After some general comments, the topics touched upon include the many difficulties involved when translating prose to the cinema—the life and opinions of Thomas Hanks Esq—the strange discourse of The Empire Strikes Back (a novel in several episodes)—the peculiarities of reading a book and attending the cinema—Mr Thomas Hanks (actor)—the attractions or otherwise of becoming a screenwriter—the curious circumstances that befell Thomas Hanks—as well as more surprising and unexpected adventures, full of learning and good wit.
Did we mention Tom Hanks?
James Mottram is the author of The Sundance Kids: How the Mavericks Took Back Hollywood .

Sunday Jan 23, 2022
Ep. 3 Literature & Food (with Polly Russell)
Sunday Jan 23, 2022
Sunday Jan 23, 2022
In which Adam Smyth and James Kidd are joined by Polly Russell.

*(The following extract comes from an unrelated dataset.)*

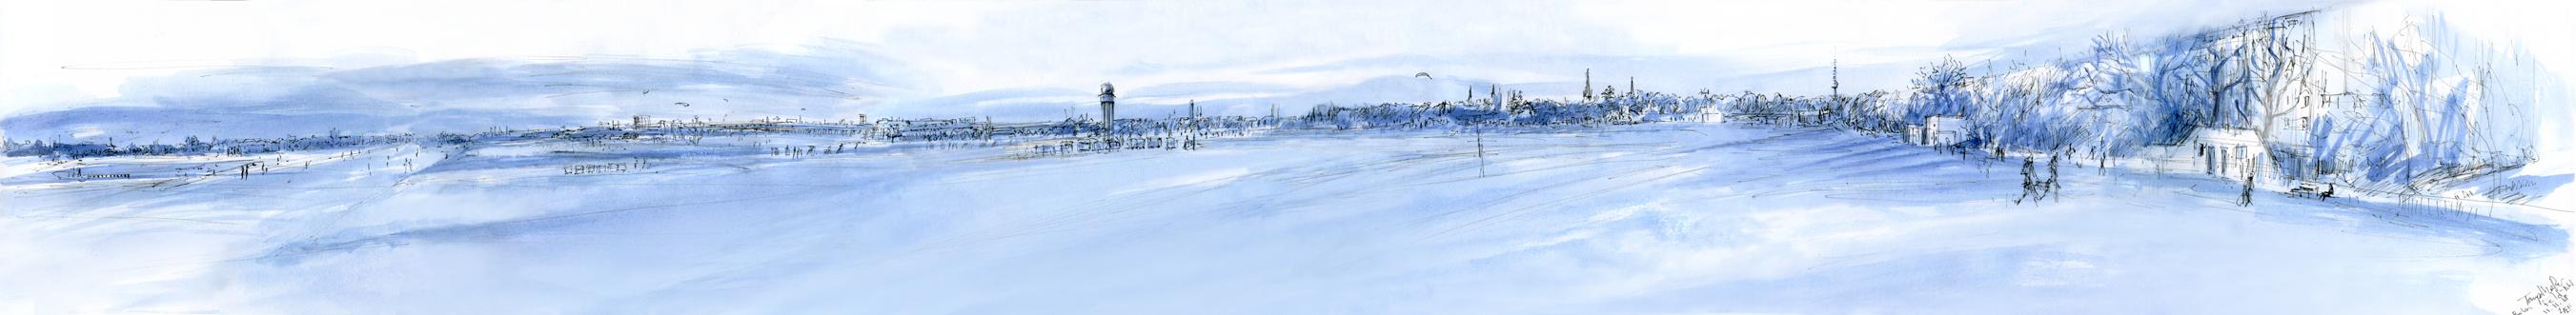 11.11.18- Tempelhofer Feld  180° view (Berlin-Neukölln)

After the introduction to the work—or bill of fare to the feast—containing as much of the background as is necessary or proper to acquaint the listener with in the beginning of this ‘podcast’—discussion turned to such topics as: who reads cookbooks for fun? TV chefs: for or againt? Poems about plums? And how many servants is ideal for the upkeep of a stately house?
Containing scenes of gastronomical felicity in different degrees of life—and various other transactions. Fit for all to consume.
The pod you can eat between meals without ruining your appetite.
Don't forget to floss after each novel.
Polly Russell is a Curator at the British Library, and co-author of the celebrated The Kitchen Revolution: A Year of Time-and-money-saving Recipes. Polly is also a chef, and has cooked under Joyce Molyneux and at London’s renowned Moro.

About Lit Bits
Lit Bits is a bookish podcast and radio show hosted by Adam Smyth, Professor of English at Balliol College, Oxford, and the journalist James Kidd. Each episode glides about a particular subject using books, poems, plays, delightful guests and high quality trouser-wear.